I've been doing some work on high memory issues, and I've been doing a lot of heap analysis in windbg, and I was curious what the different columns really mean in "!heap -flt -s xxxx" command.
I read What do the 'size' numbers mean in the windbg !heap output?, and I looked in my "Windows Internals" book, but I still had a bunch of questions. So the columns and my questions are below.
**HEAP_ENTRY** - What does this pointer really point to? How is it different than UserPtr?
**Size** - What does this size mean? How is it different than UserSize?
**Prev** - This just appears to be the negative offset to get to the previous heap entry. Still not sure exactly how it's used.
**Flags** - Is there any documentation on these flags?
**UserPtr** - What is the user pointer? In all cases I've seen it's always 8 bytes higher than the HEAP_ENTRY, but I don't really know what it points to.
**UserSize** - This appears to be the size of the actual allocation.
**state** - This just tells you what state of this heap entry is (free, busy, etc....)
Example:
HEAP_ENTRY Size Prev Flags UserPtr UserSize - state
0015eeb0 0044 0000 [07] 0015eeb8 00204 - (busy)
HEAP_ENTRY
Heaps store allocated blocks in contiguous Segments of memory, each allocated block starts with a 8-bytes header followed by the actual allocated data. The HEAP_ENTRY column is the address of the beginning of the header of the allocated block.
Size
The heap manager handles blocks in multiple of 8 bytes. The column is the number of 8 bytes chunk allocated. In your sample, 0044 means that the block takes 0x220 bytes (0x44*8).
Prev
Multiply per 8 to have the negative offset in bytes to the previous heap block.
Flags
This is a bitmask that encodes the following information
0x01 - HEAP_ENTRY_BUSY
0x02 - HEAP_ENTRY_EXTRA_PRESENT
0x04 - HEAP_ENTRY_FILL_PATTERN
0x08 - HEAP_ENTRY_VIRTUAL_ALLOC
0x10 - HEAP_ENTRY_LAST_ENTRY
UserPtr
This is the pointer returned to the application by the HeapAlloc (callbed by malloc/new) function. Since the header is always 8 bytes long, it is always HEAP_ENTRY +8.
UserSize
This is the size passed the HeapAlloc function.
state
This is a decoding of the Flags column, telling if the entry is busy, freed, last of its segment, …

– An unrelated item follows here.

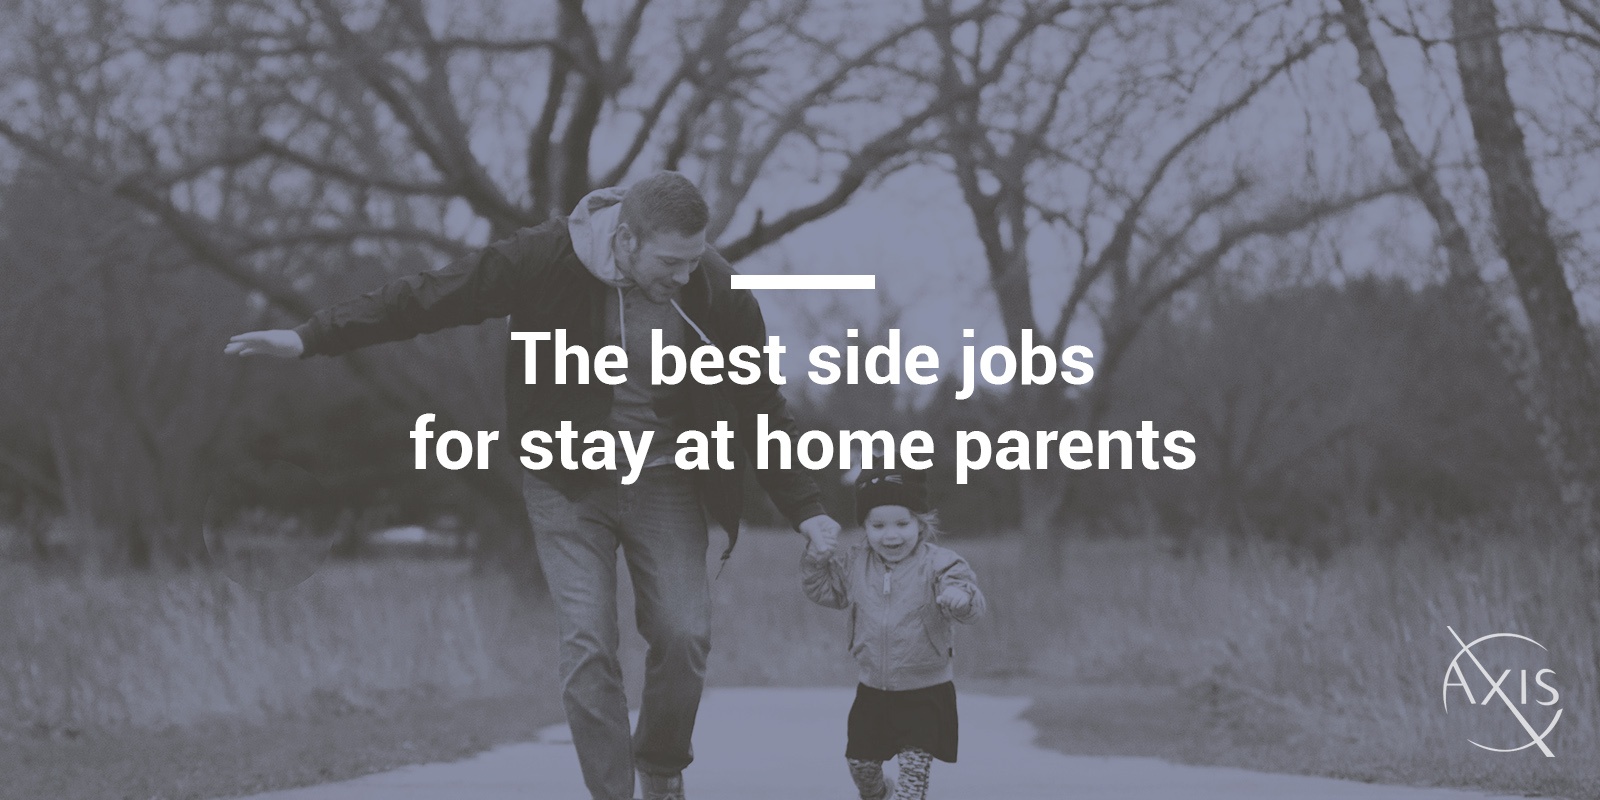 The best side jobs for stay at home parents

Be aware that in Windows 7/2008 R2, heaps are by default using a front-end named LFH (Low fragmented heap) that uses the default heap manager to allocate chunks in which it dispatched user allocated data. For these heaps, UserPtr and UserSize will not point to real user data.
The output of !heap -s displays which heaps are LFH enabled.
From looking at the !heap documentation in the Debugging Tools for Windows help file and the heap docs on MSDN and a great excerpt from Advanced Windows Debugging, here's what I've been able to put together:
HEAP_ENTRY: pointer to entry within the heap. As you found, there is an 8 byte header which contains the data for the HEAP_ENTRY structure. The size of the HEAP_ENTRY structure is 8 bytes which defines the "heap granularity" size. This is used for determining the...
SIZE: size of the entry in terms of the granularity (i.e. the allocation size / 8)
FLAGS: these are defined in winbase.h with explanations found the in MSDN link.
USERPTR: the actual pointer to the allocated (or freed) object
Well, the main difference between HEAP_ENTRY and UserPtr is the due to the fact that heaps have to be indexed, allocated, filled with metadata (like the allocated length made available to user)... otherwise, how could you free(p) something without providing how many bytes were allocated? Same thing with the two size fields: one thing is how big the structure indexing the heap is, one thing is how big is the memory region made available to the user.
The FLAGS, in turn, basically specify which properties of the allocated memory block, if it is committed or just reserved, and, I guess, used by the kernel to rearrange or share memory regions if needed (but as nithins specifies they are documented in MSDN).
The PREV ptr is used to keep track of all the allocated regions and the first pointer is stored in the PEB structure so both user-space and kernel-space code is aware of the allocated heap pools.